I knew how hard it was for him to accept any type of change in his daily routines, but I also knew that while I loved him with all of my heart I had to help him as gently and lovingly as possible to learn how to deal with changes. Both expected ones and unexpected ones. For if he stayed he did not learn to cope with changes, what would happen if he was on his way to work and a road on his usual route was closed? Would he be able to handle it? Would he end up calling his boss to say he couldn’t come in? Or would he be able to handle finding a different route to work that day?

Approximately half of the times we would come home from Airzone I would take him one specific way. It was his favorite way, he liked the things we’d see along those roads, he knew each of the houses and businesses we’d pass. The other half of the time I would take a deep mental breathe and deviate from our regular route. For countless times our deviations from the route he had picked as his favorite or preferred route were met with a full meltdown. He would be distraught for up to two hours, even after we’d arrived home and he could see that we’d managed to get home just fine taking a different path mattered not to him. He was completely overloaded by the change. While my heart ached I knew I had to do it. 

I wouldn’t take him a different route to get there as I knew he couldn’t handle it, and our actual time at Airzone was far more than just playtime. But to come home, well he knew we were on our way home and he’d be completely okay about that until I turned down a different street or did not turn down one he was expecting me to. It was a good thing that I still had an umbrella stroller for him for after he was done playing as him being buckled in was a huge safety measure on my part. For I could not have carried him for just over a kilometer while he was he was in the midst of a full meltdown. And he had such difficulty with change at the time that he couldn’t have walked anywhere with me. He would cry and scream “This isn’t the right way, this isn’t the way” and while it hurt my heart greatly I knew it was important to help him learn to deal with changes. I would talk, and explain the entire way home that it was okay that he was upset, but that this was just a different way we could get to the same place.

Once we got home I would cuddle with him on the couch, tell him he was loved and safe and that it was okay he was upset, that we were home now just as he’d wanted, we’d just taken a different way to get there.

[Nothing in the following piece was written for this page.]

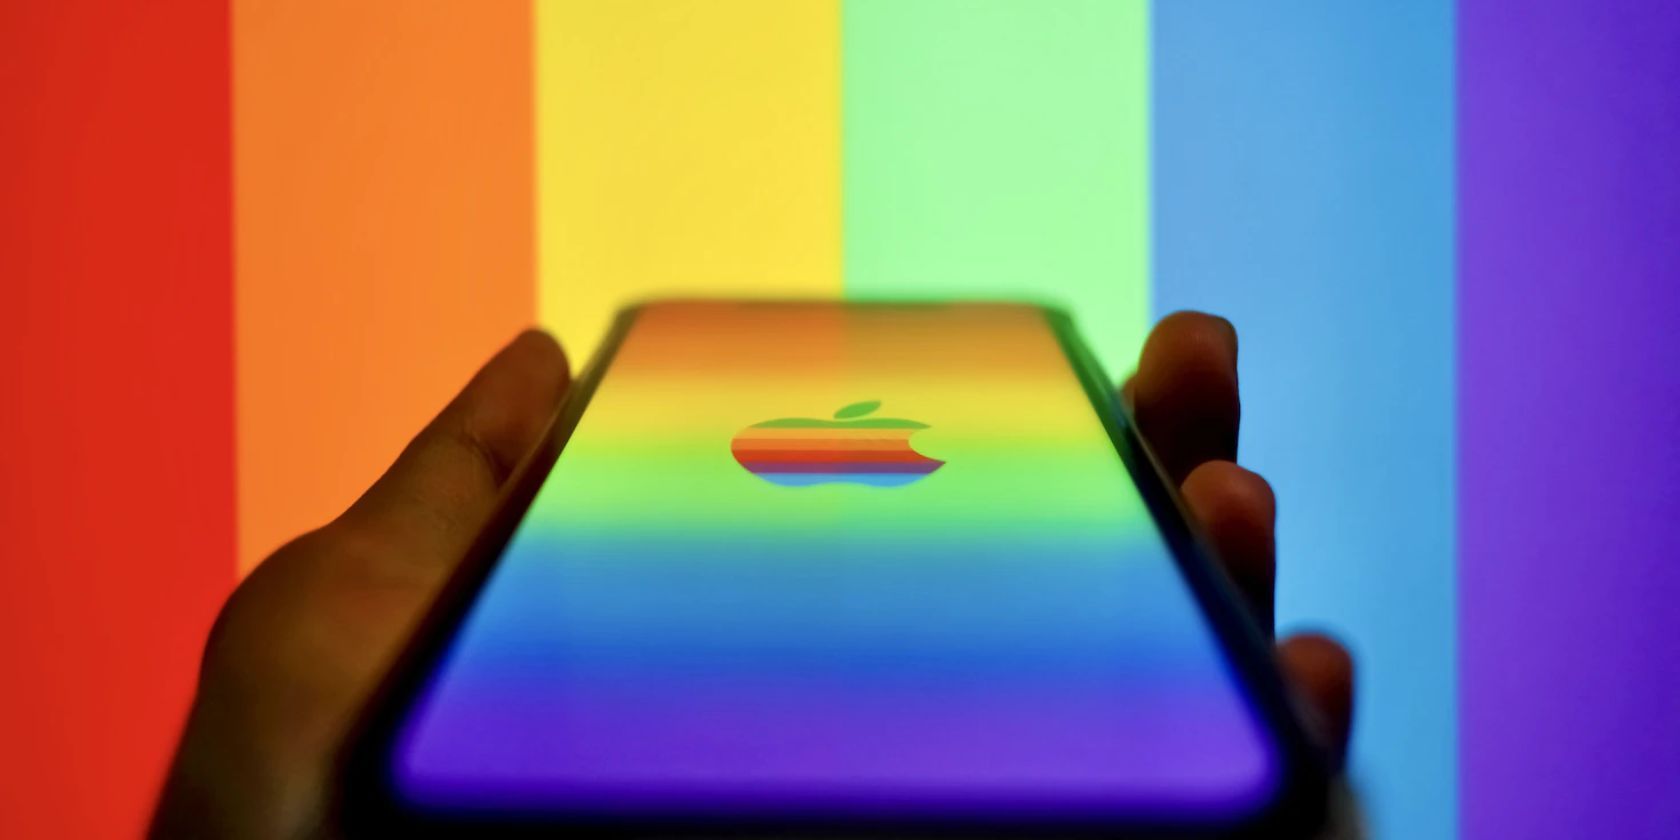 Apple rainbow logo on an iPhone

It took 7 months of doing this with him before he became okay with taking different ways home. Fast forward 5 years and I now have a son that is excited about random road trips, and looks forward to adventures where he’s not entirely certain where we’re even going. He still has some anxiety about it if it involves overnight, but if he knows he gets to come home for bed he’s all for day trips anywhere, and anyway to get there is totally fine with him.

Knowing that each of those heartbreaking trips taking all the different roads that lead to my home with him when he was younger have lead he and I to this level of comfort make them worth it, completely. I still do it randomly off and on to ensure there is no regression with his comfort in that type of change, and he’s fine each time. He’s got that much more freedom for soaring as an adult because I made sure he understood that all roads can lead to home.